**YOUR INSTRUCTIONS**
In your reply, repeat the full listing exactly and leave each picture out.

**RAW DATA**
════════

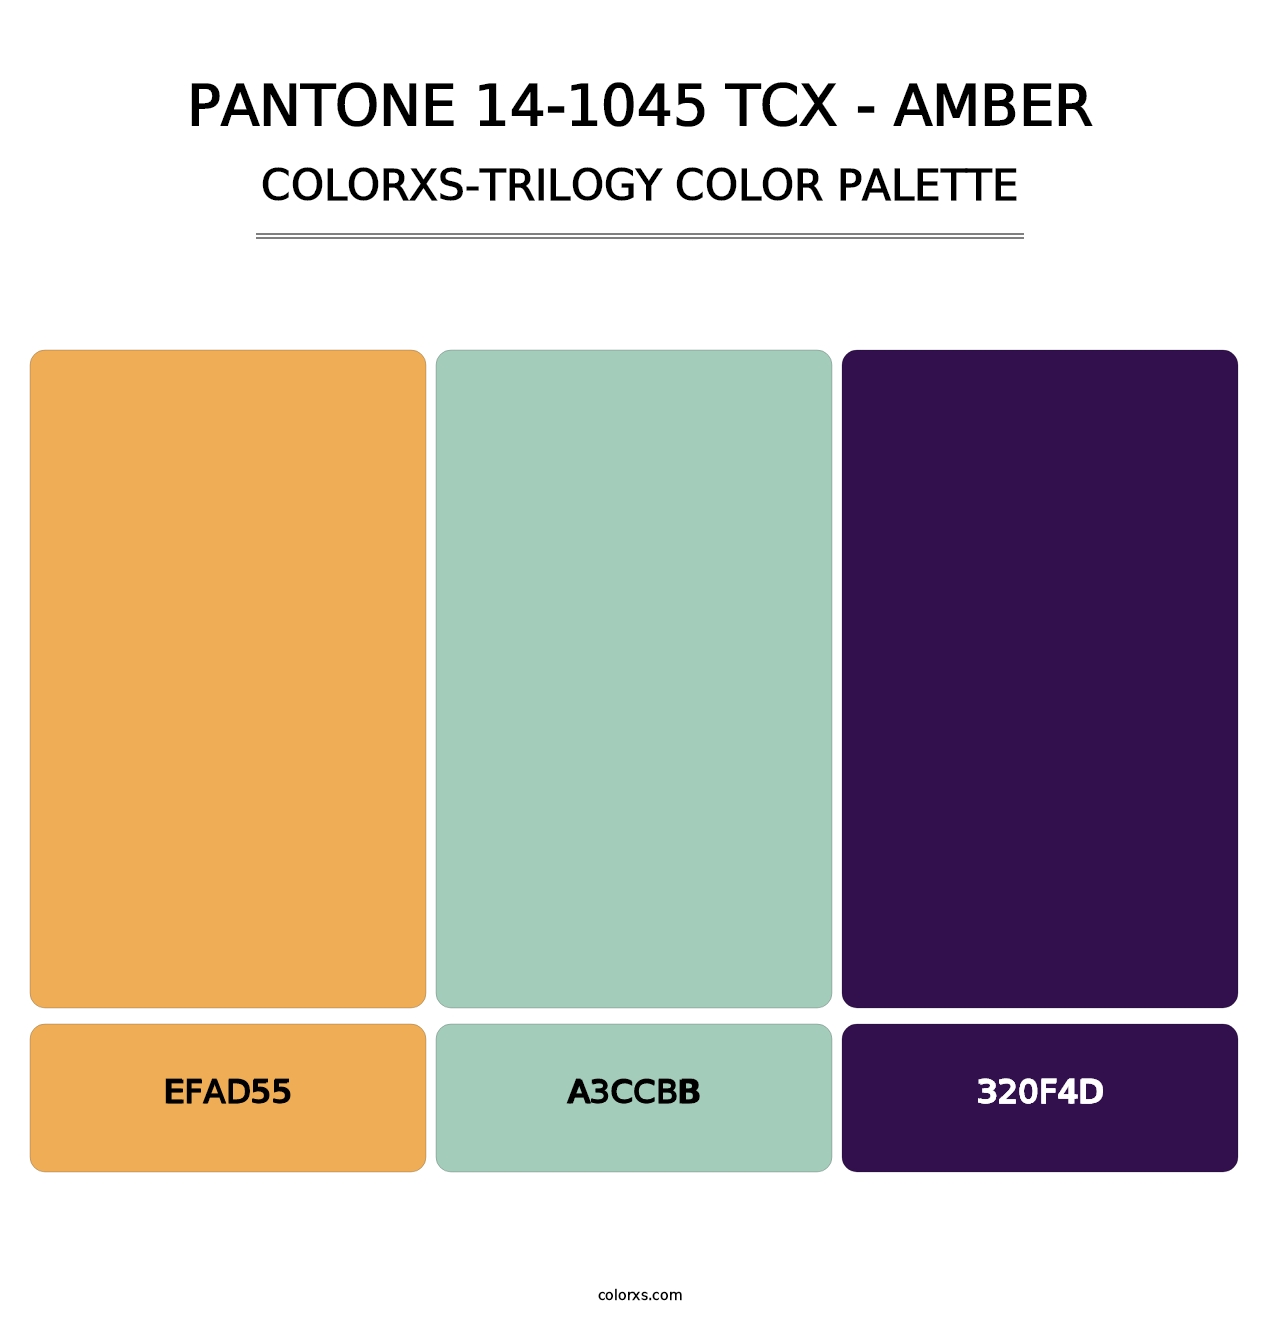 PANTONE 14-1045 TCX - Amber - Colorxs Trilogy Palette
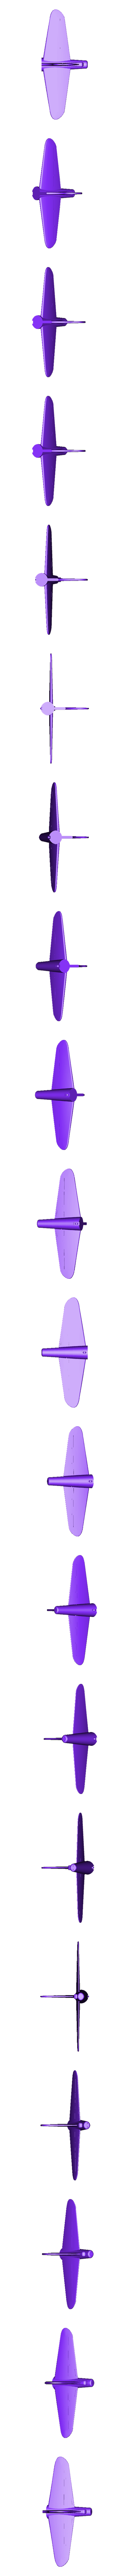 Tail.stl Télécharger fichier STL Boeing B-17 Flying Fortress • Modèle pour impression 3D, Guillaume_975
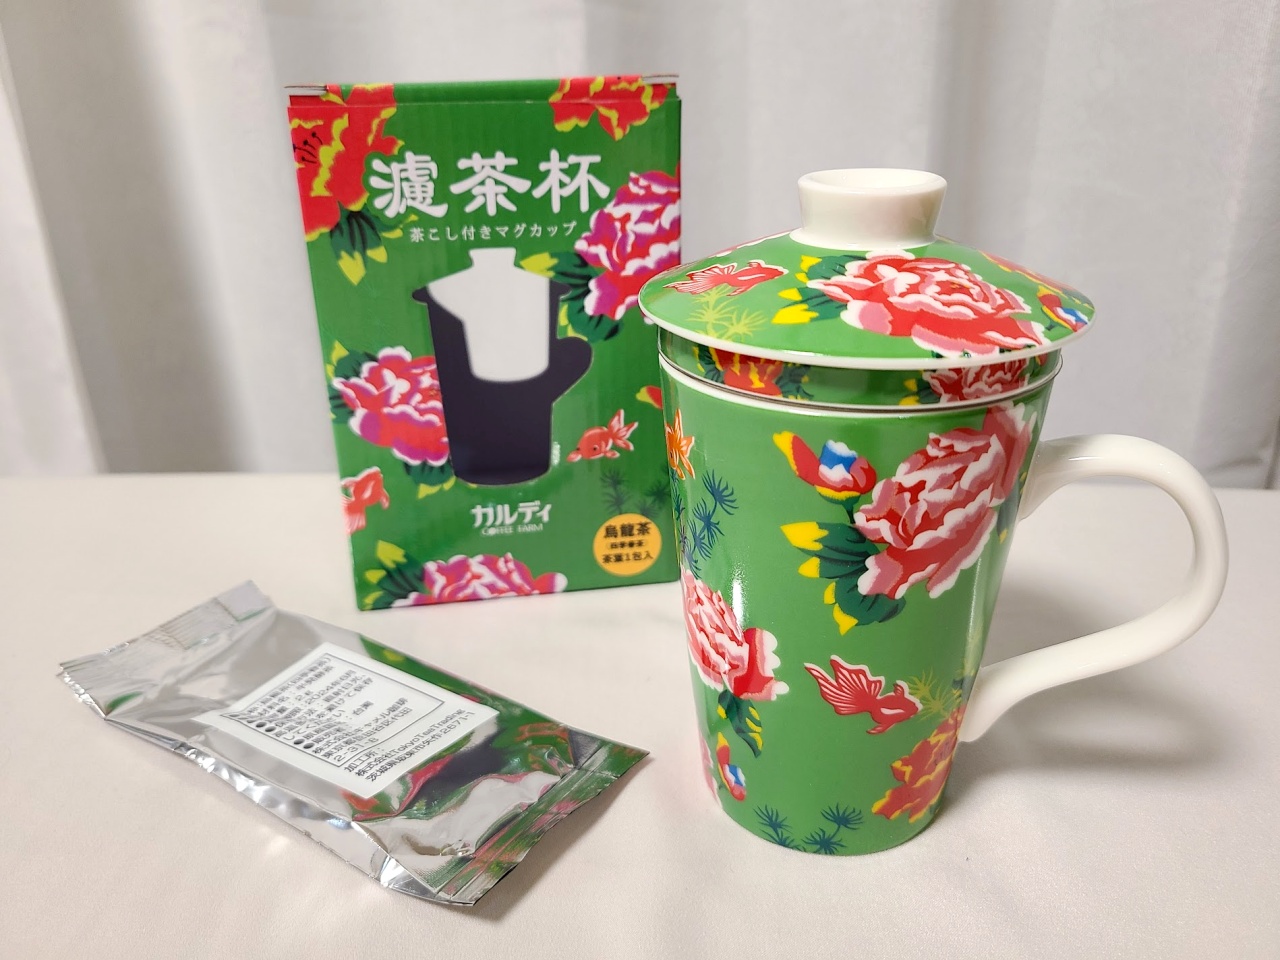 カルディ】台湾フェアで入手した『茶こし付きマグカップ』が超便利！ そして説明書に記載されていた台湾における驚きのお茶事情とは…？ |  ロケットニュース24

════════

**WRITTEN REPLY**
 PANTONE 14-1045 TCX - Amber - Colorxs Trilogy Palette
 Tail.stl Télécharger fichier STL Boeing B-17 Flying Fortress • Modèle pour impression 3D, Guillaume_975
 カルディ】台湾フェアで入手した『茶こし付きマグカップ』が超便利！ そして説明書に記載されていた台湾における驚きのお茶事情とは…？ |  ロケットニュース24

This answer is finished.